The subfields chosen in our analysis include Cornu Ammonis (CA) region 1 (CA1), CA region 2 and 3 (which was combined in Freesurfer’s method; CA2-3), Subiculum (SUB; comprising presubiculum and subiculum in the Freesurfer pipeline), and dentate gyrus (DG; comprising of CA4 and DG in the ASHS atlas package). These four subfields are measured for all analyses for left and right sides for a total of eight subfields. Note that LASHiS computes as many labels as in the initial atlas package (usually 14 per side). To obtain more internally consistent measures of volume and to focus results on determining what fraction of hippocampal volume is attributed to each subfield rather than fractions of whole brain volume, we normalised all raw volume values by total hippocampus formation volume (e.g., CA + DG + SUB). We examined subfield results for all comparisons but report significant differences only between the most relevant comparisons: namely between LASHiS and FS Long, as these are the two longitudinal pipelines of interest.
3.0 Results
3.1 Experiment one: test-retest reliability
We conducted a series of Bayesian paired-sample t-tests in order to test absolute volume differences between the second and third time point. Figure 3 shows differences between methods for volume similarity in this test-retest experiment. We found that LASHiS and Diet LASHiS showed significantly higher volume similarity in all subfields than other methods. Specifically, we found LASHiS to have decisively higher (BF10 > 100) volume similarity coefficients compared to FS Long in all subfields. ASHS Xs also showed high volume similarity in DG subfields compared to the Freesurfer variants, though with high variability; we observed larger variability in the volume similarity in all other methods compared to LASHiS variants (see Supplementary Figure 1 for subfield variance breakdowns). All other comparisons with LASHiS are detailed in Supplementary Figure 1 and 2.

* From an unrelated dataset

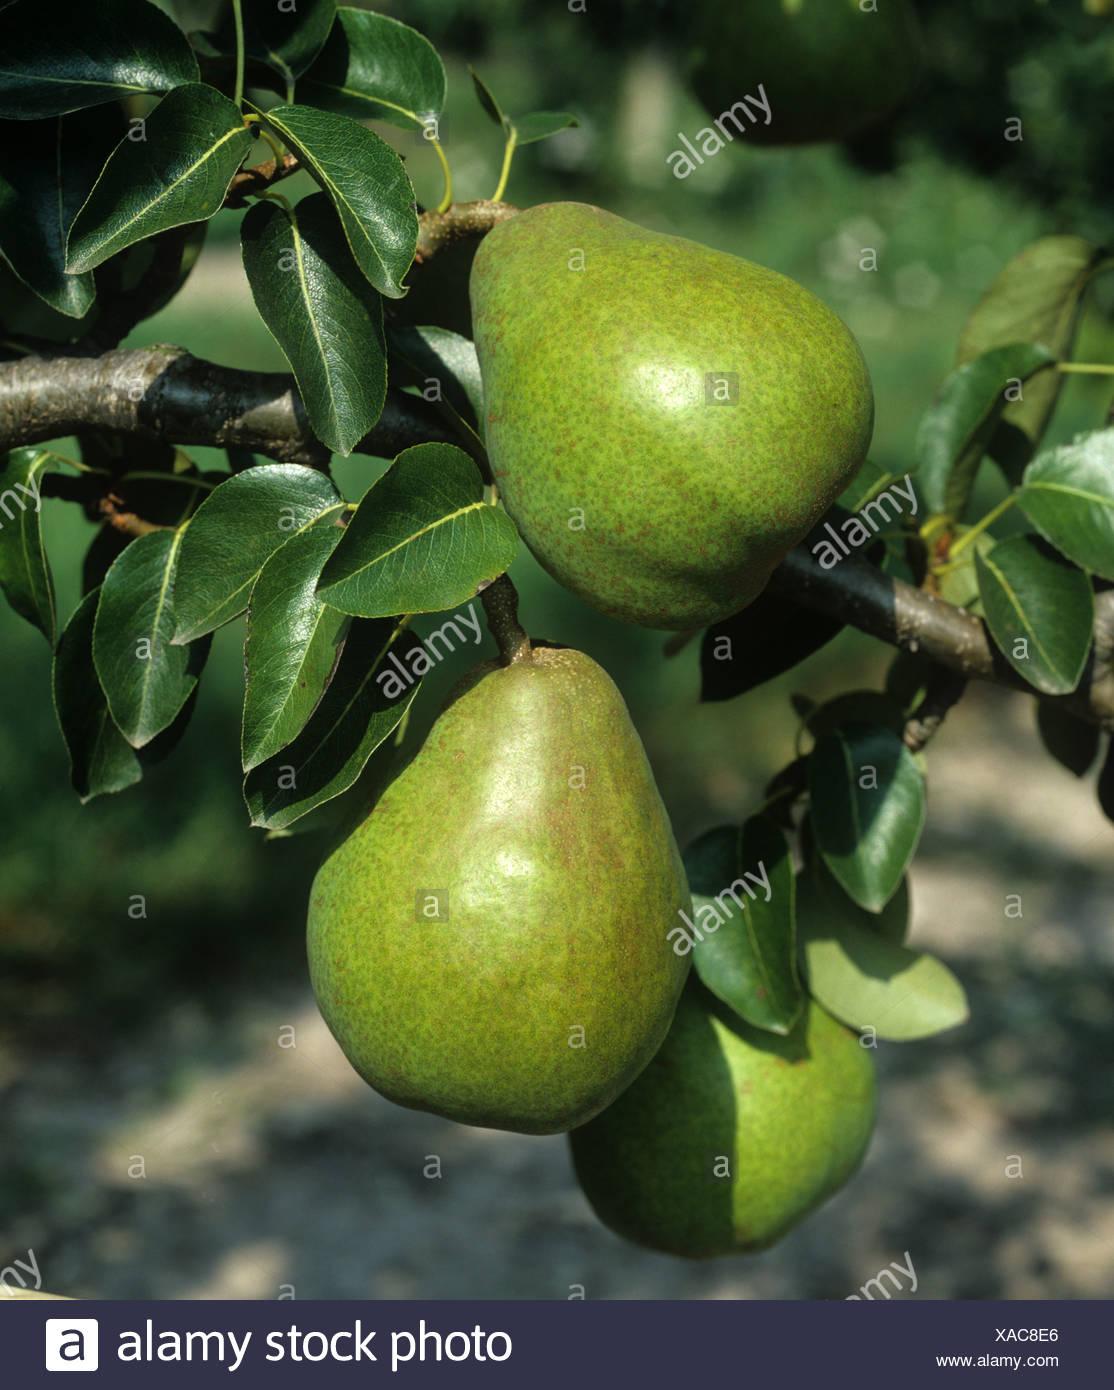 Mature Doyenne du Comice pear fruit on the tree, Oxfordshire - Stock Image
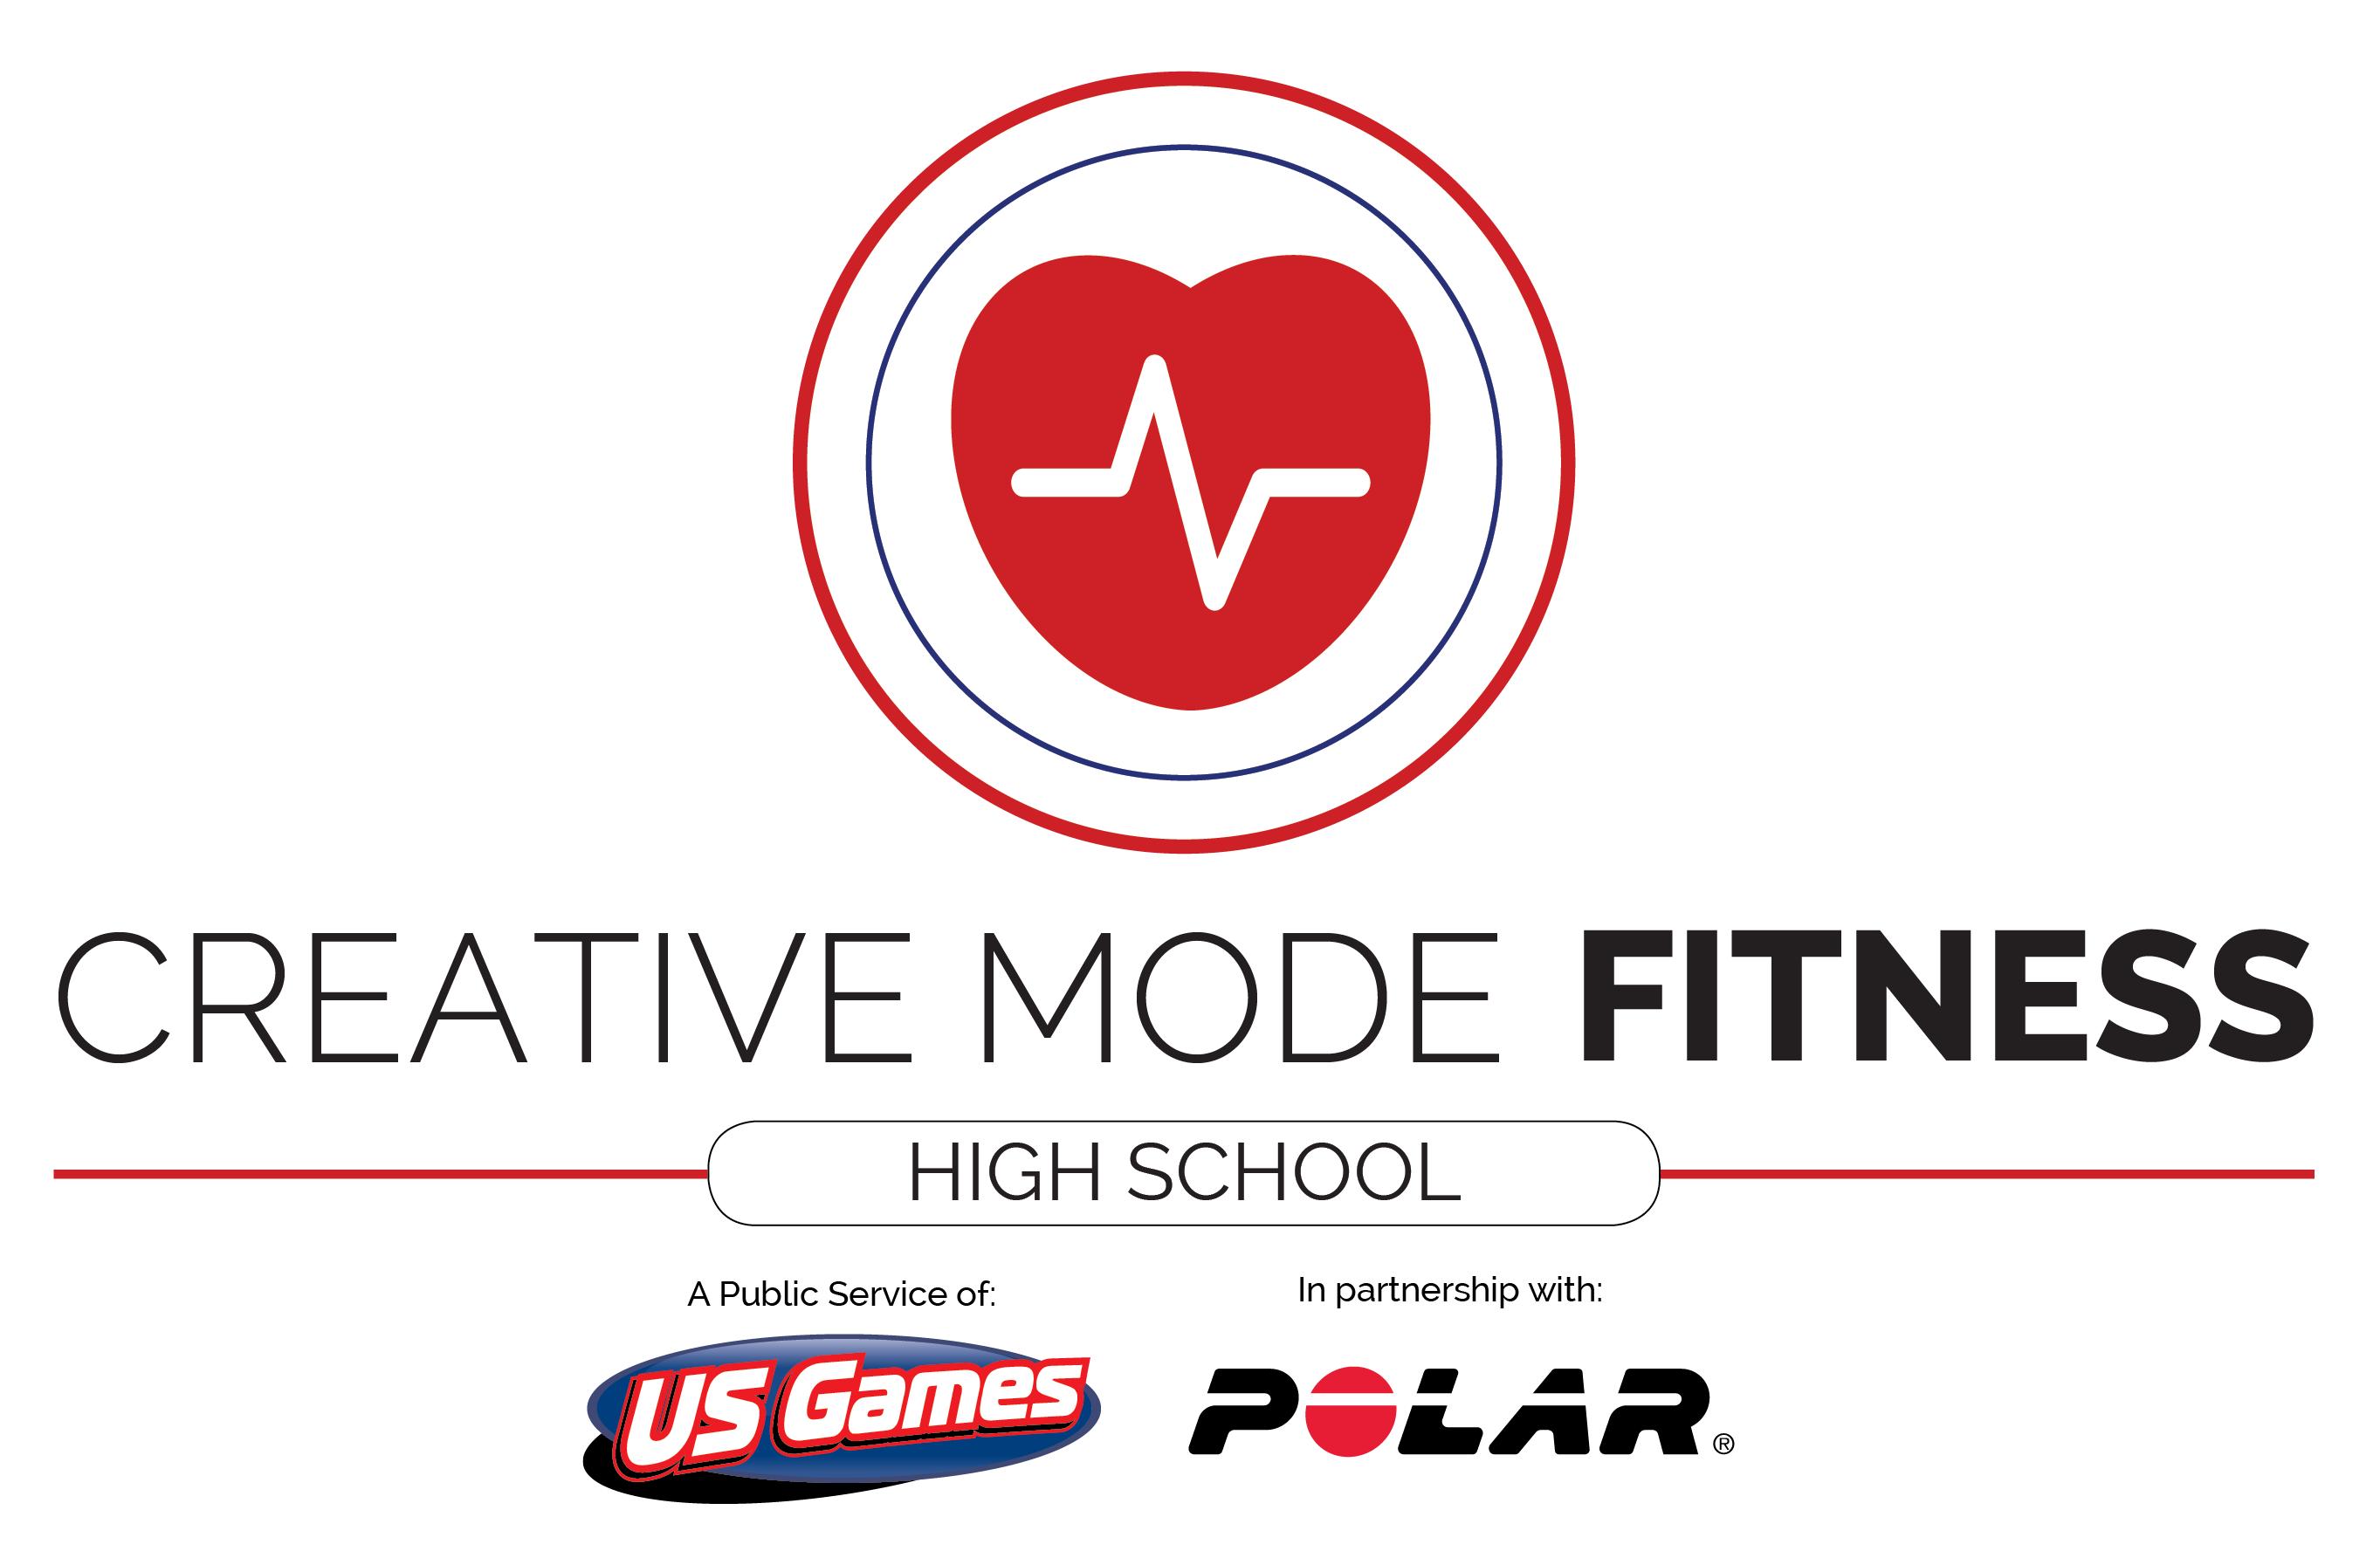 Creative Mode Fitness(High School)

We next conducted Bayesian paired-sample t-tests for Dice overlaps between the segmentation labels in the second and third time point. Figure 3 shows Dice overlap values of each subfield for each method. Note, that Dice scores for LASHiS, Diet LASHiS, Freesurfer Xs and ASHS Xs are negatively affected by the resampling needed to compute the registrations between the two time points, which is not present in the FS Long method. Our results do not fully replicate Iglesias et al. (2016) in terms of mean Dice overlap scores for test-retest reliability, but we found slightly lower Dice overlaps for all subfields in our sample in the Freesurfer methods compared to Iglesias et al. (2016). This discrepancy is potentially due to methodological differences between Iglesias et al. (2016) and our study - scanner hardware (1.5 T rather than our 7 T) and sequence choice (IR-SPGR rather than our MP2RAGE).
In terms of subfield differences, we will detail comparisons only for LASHiS and FS Long, with all method comparisons included in Supplementary Figure 3 and 4. We found that Dice overlaps for LASHiS were higher than FS Long for test-retest reliability decisively in Left-DG and Right-DG (BF10 > 100) and anecdotally in Left-CA1 (BF10 > 1). We found no difference between LASHiS and FS Long in Right-CA1, and Right-SUB (BF10 < 1). FS Long had substantially higher scores than LASHiS for Right-CA2-3, Left-CA2-3, and Left-SUB (BF10 > 10).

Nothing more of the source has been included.